Everything in the data gets repeated exactly, except for the pictures.
::: DATA EXCERPT
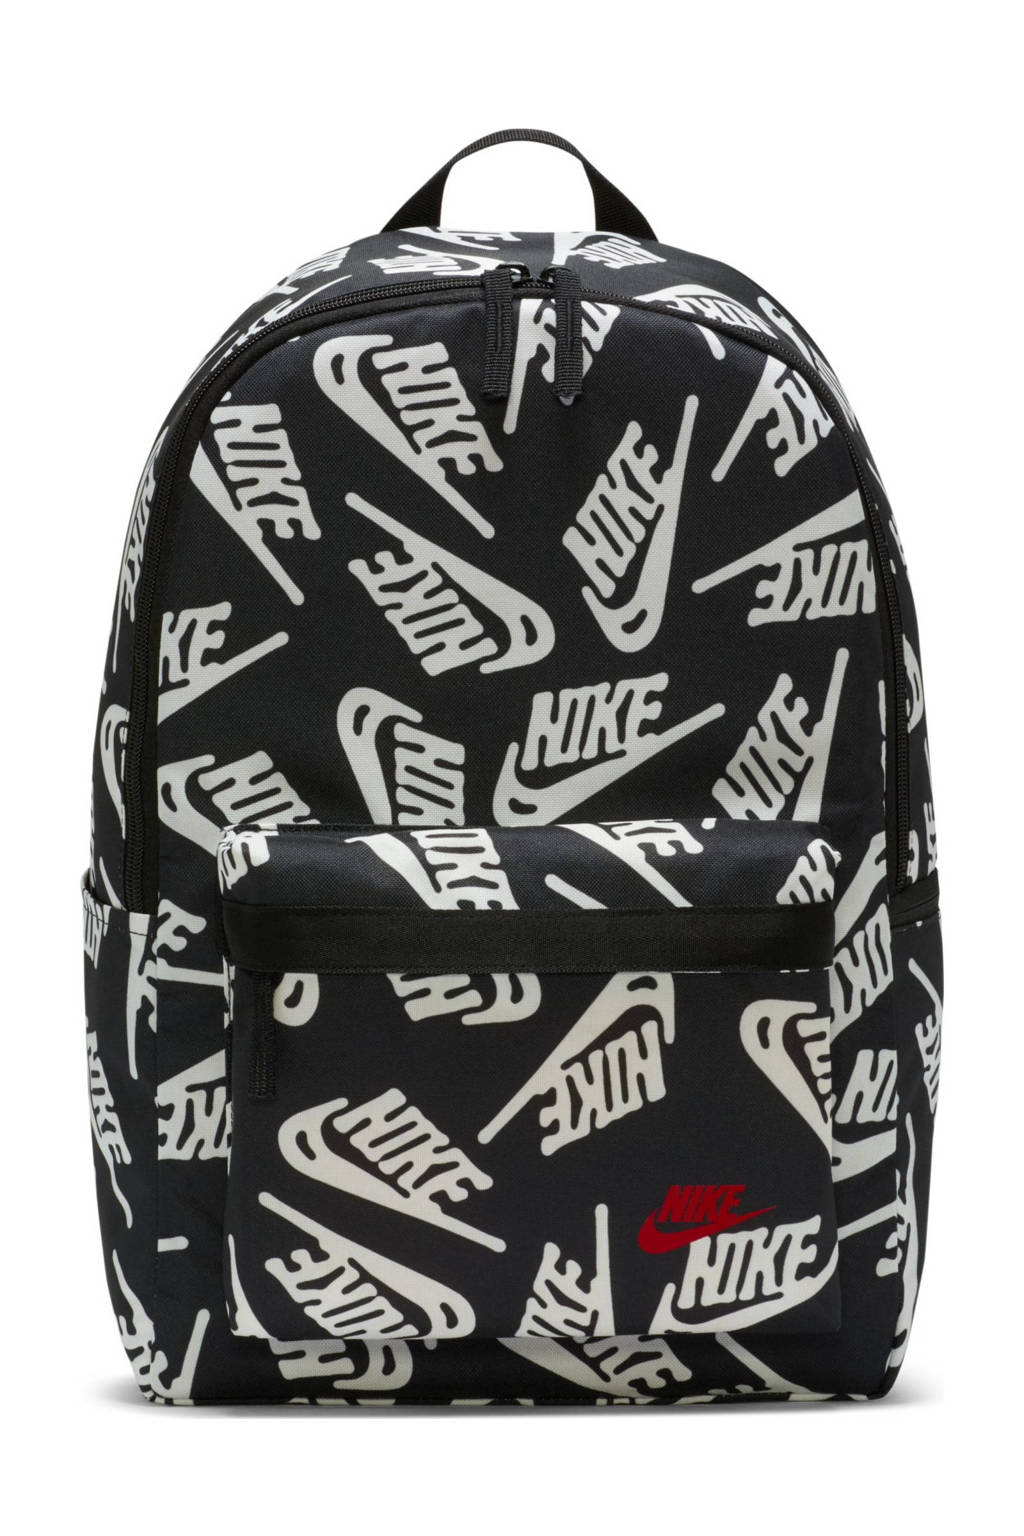 Nike  rugzak Heritage 3.0 zwart/wit, Zwart/wit aop
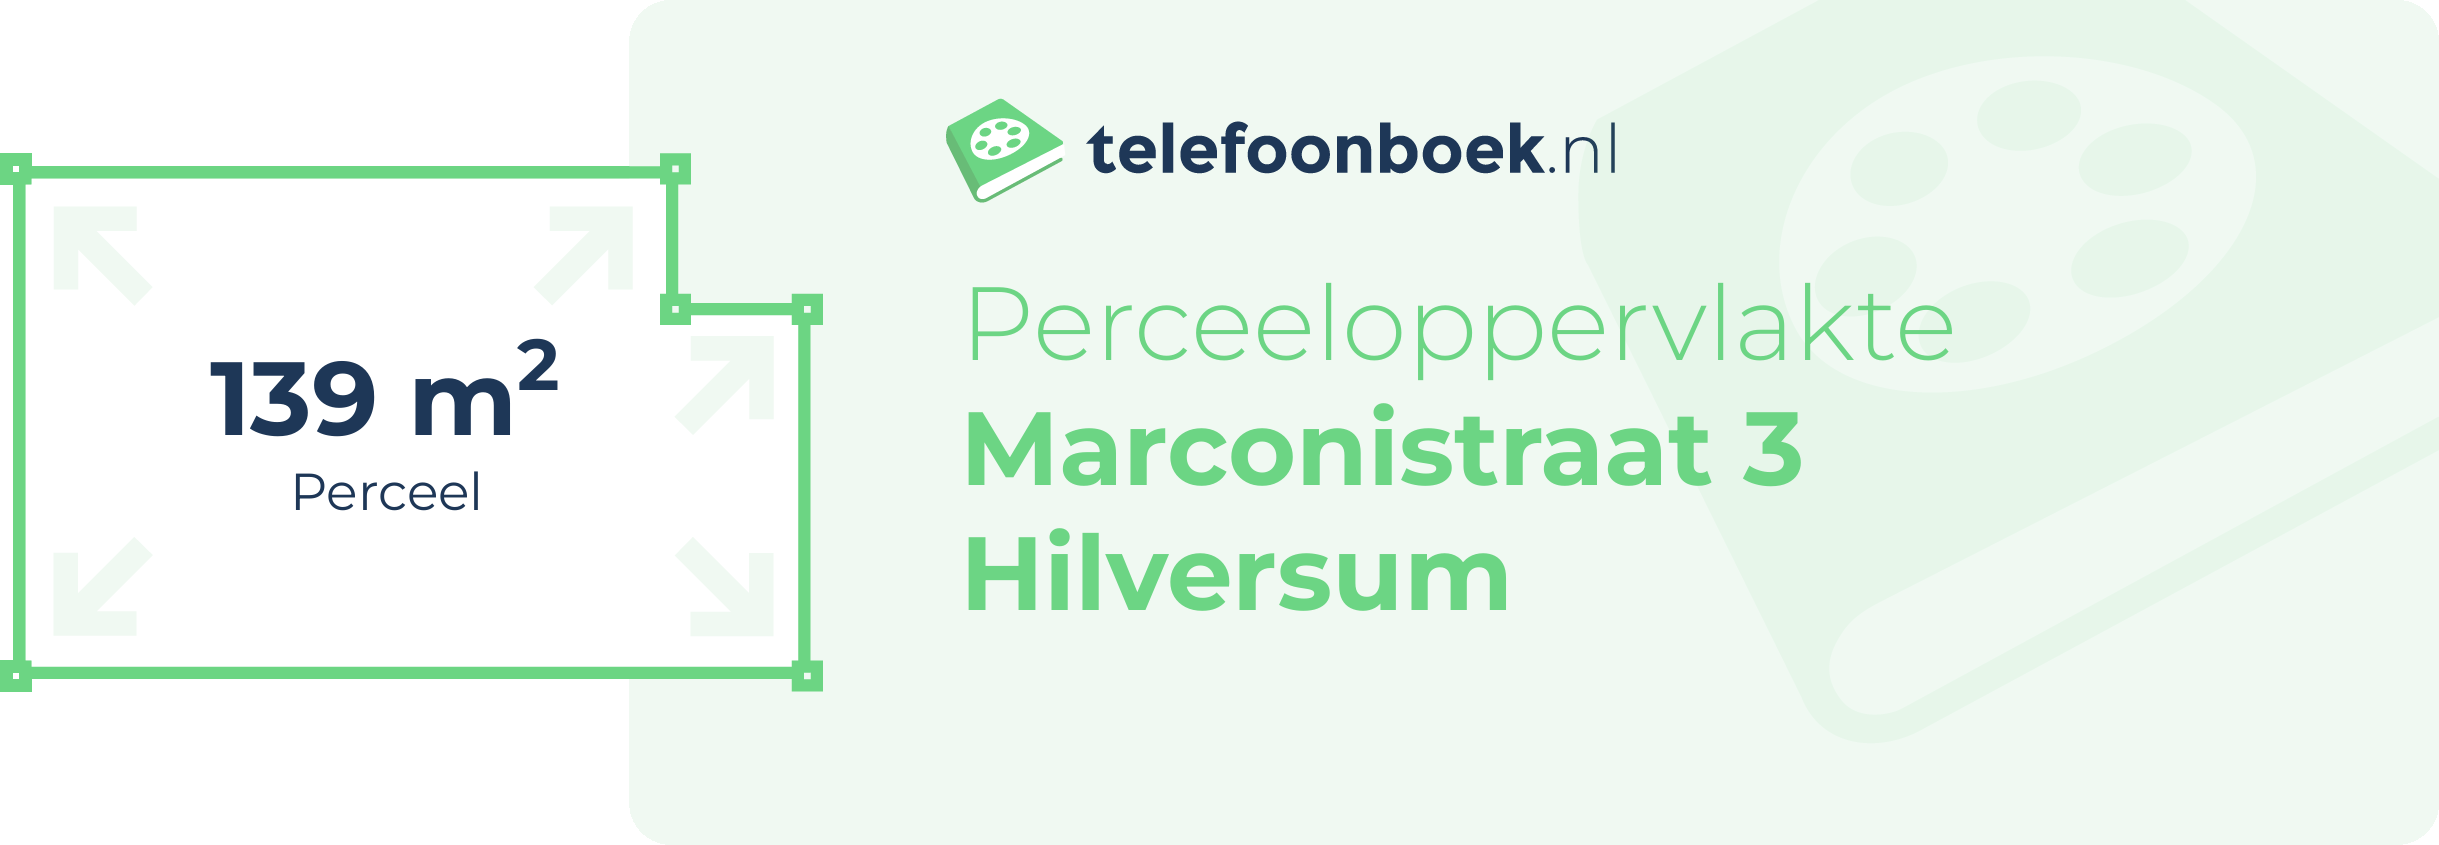 Perceeloppervlakte Marconistraat 3 Hilversum
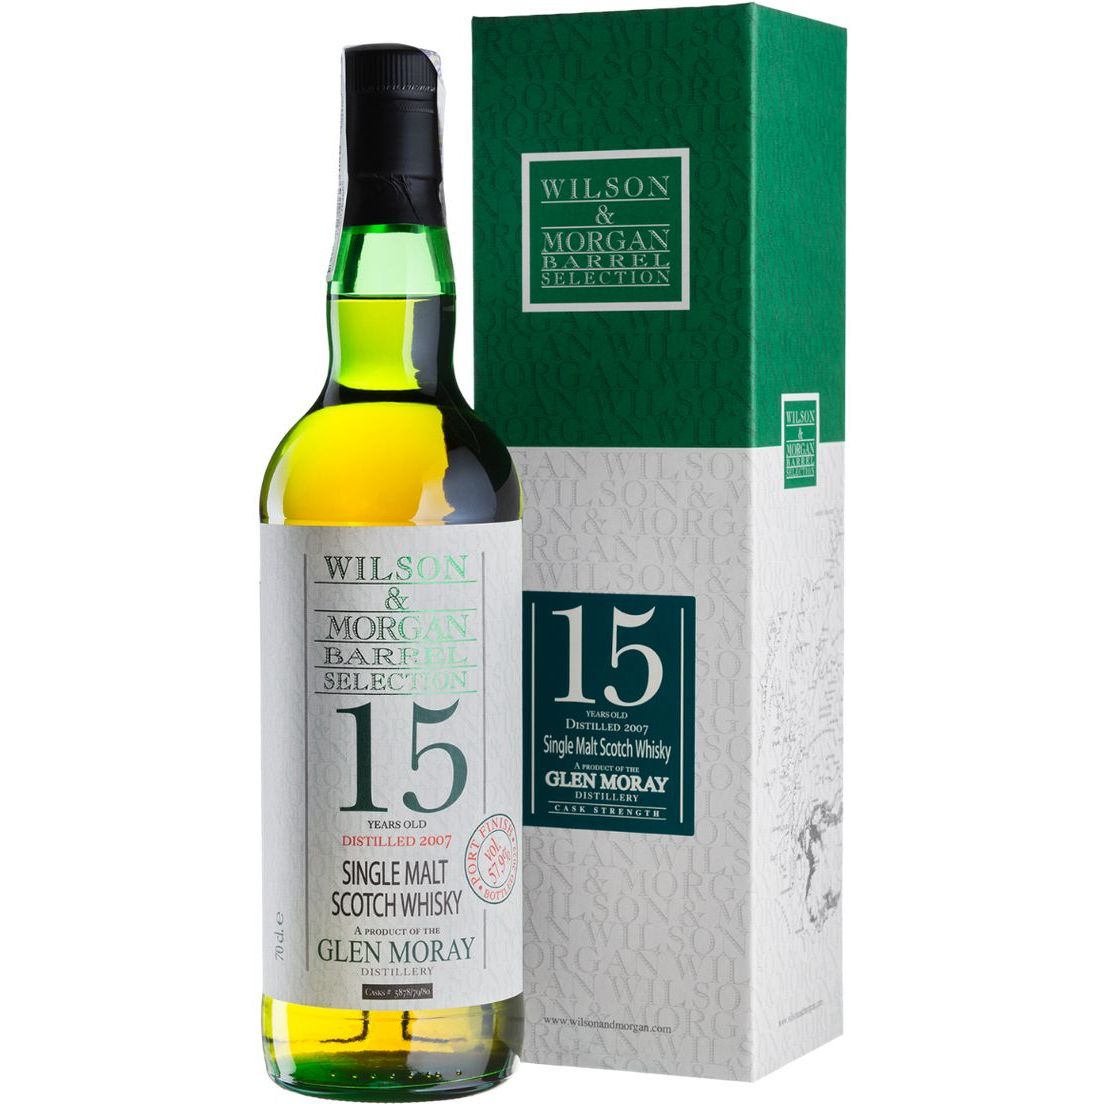 Віскі Wilson & Morgan Glen Moray 15 yo Port Cask #5878/79/80 Single Malt Scotch Whisky 57.9% 0.7 л у подарунковій упаковці - фото 1
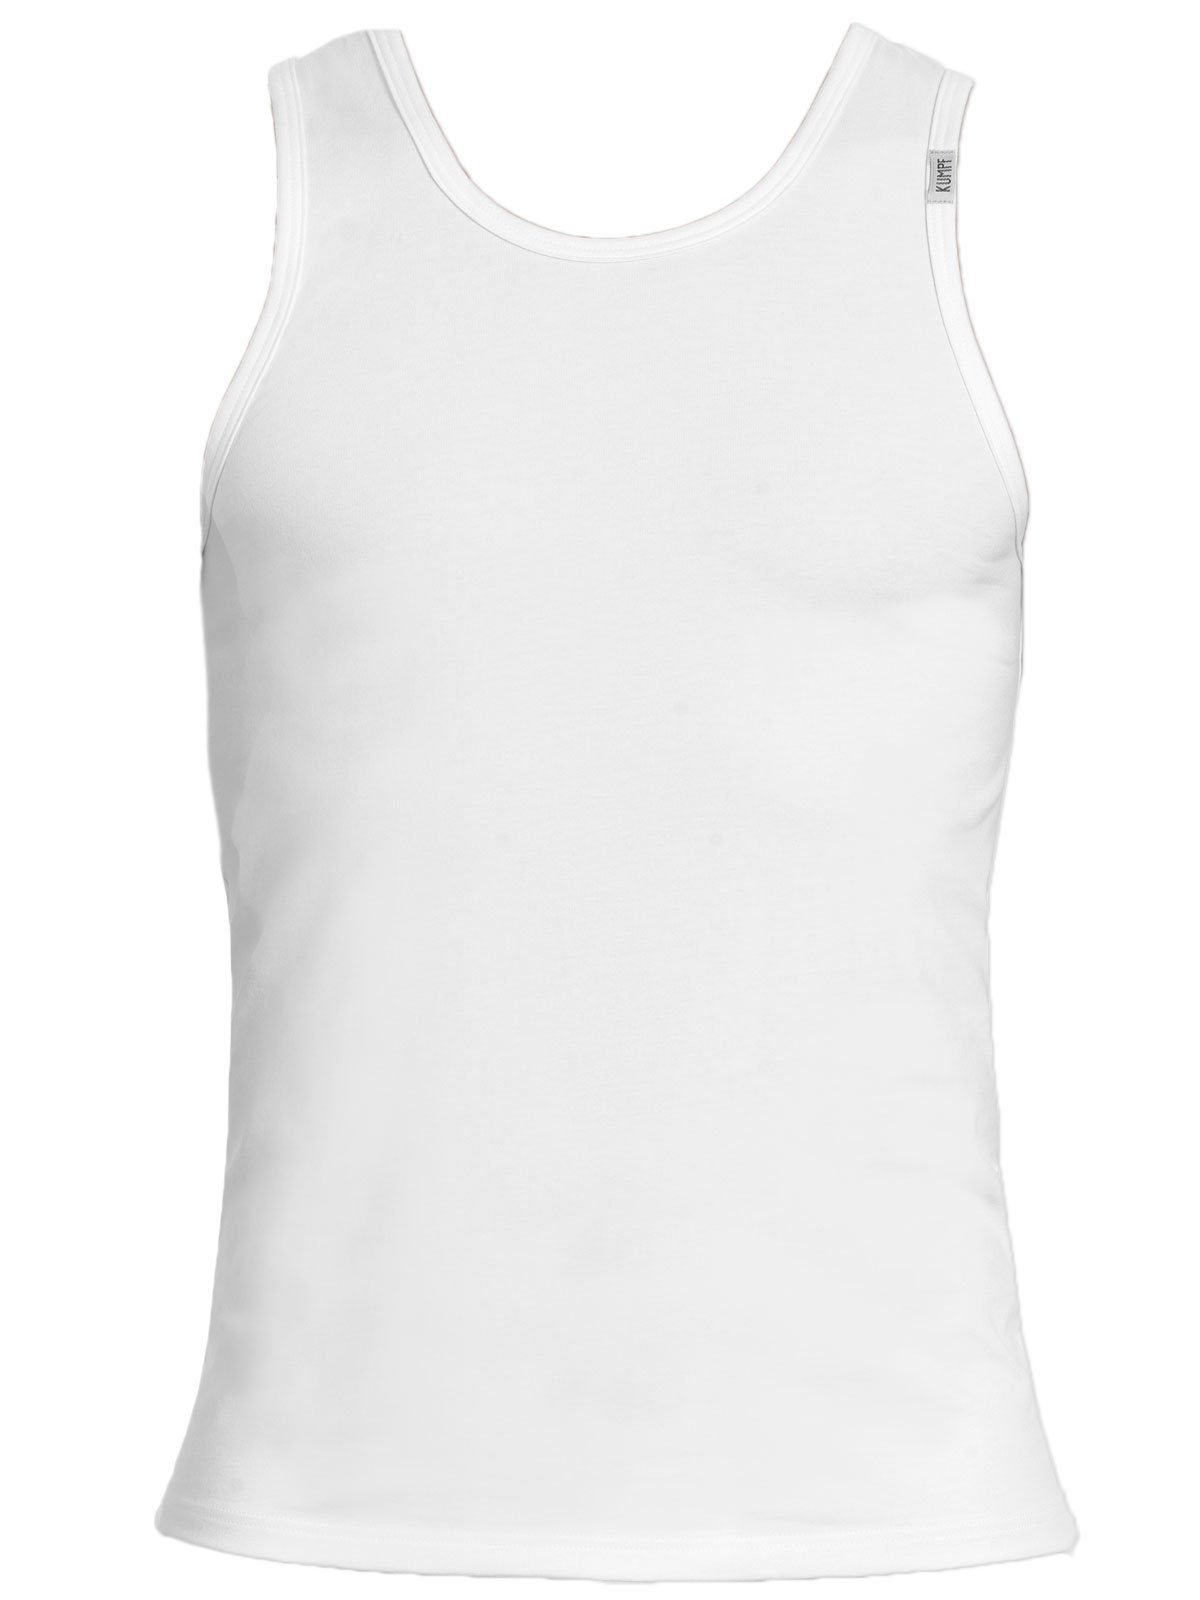 hohe Achselhemd 2-St) KUMPF Unterhemd (Spar-Set, Herren Cotton Markenqualität Bio 2er weiss Sparpack schwarz
::::::
- **RESULT**
 Nike  rugzak Heritage 3.0 zwart/wit, Zwart/wit aop
 Perceeloppervlakte Marconistraat 3 Hilversum
 Віскі Wilson & Morgan Glen Moray 15 yo Port Cask #5878/79/80 Single Malt Scotch Whisky 57.9% 0.7 л у подарунковій упаковці - фото 1
 hohe Achselhemd 2-St) KUMPF Unterhemd (Spar-Set, Herren Cotton Markenqualität Bio 2er weiss Sparpack schwarz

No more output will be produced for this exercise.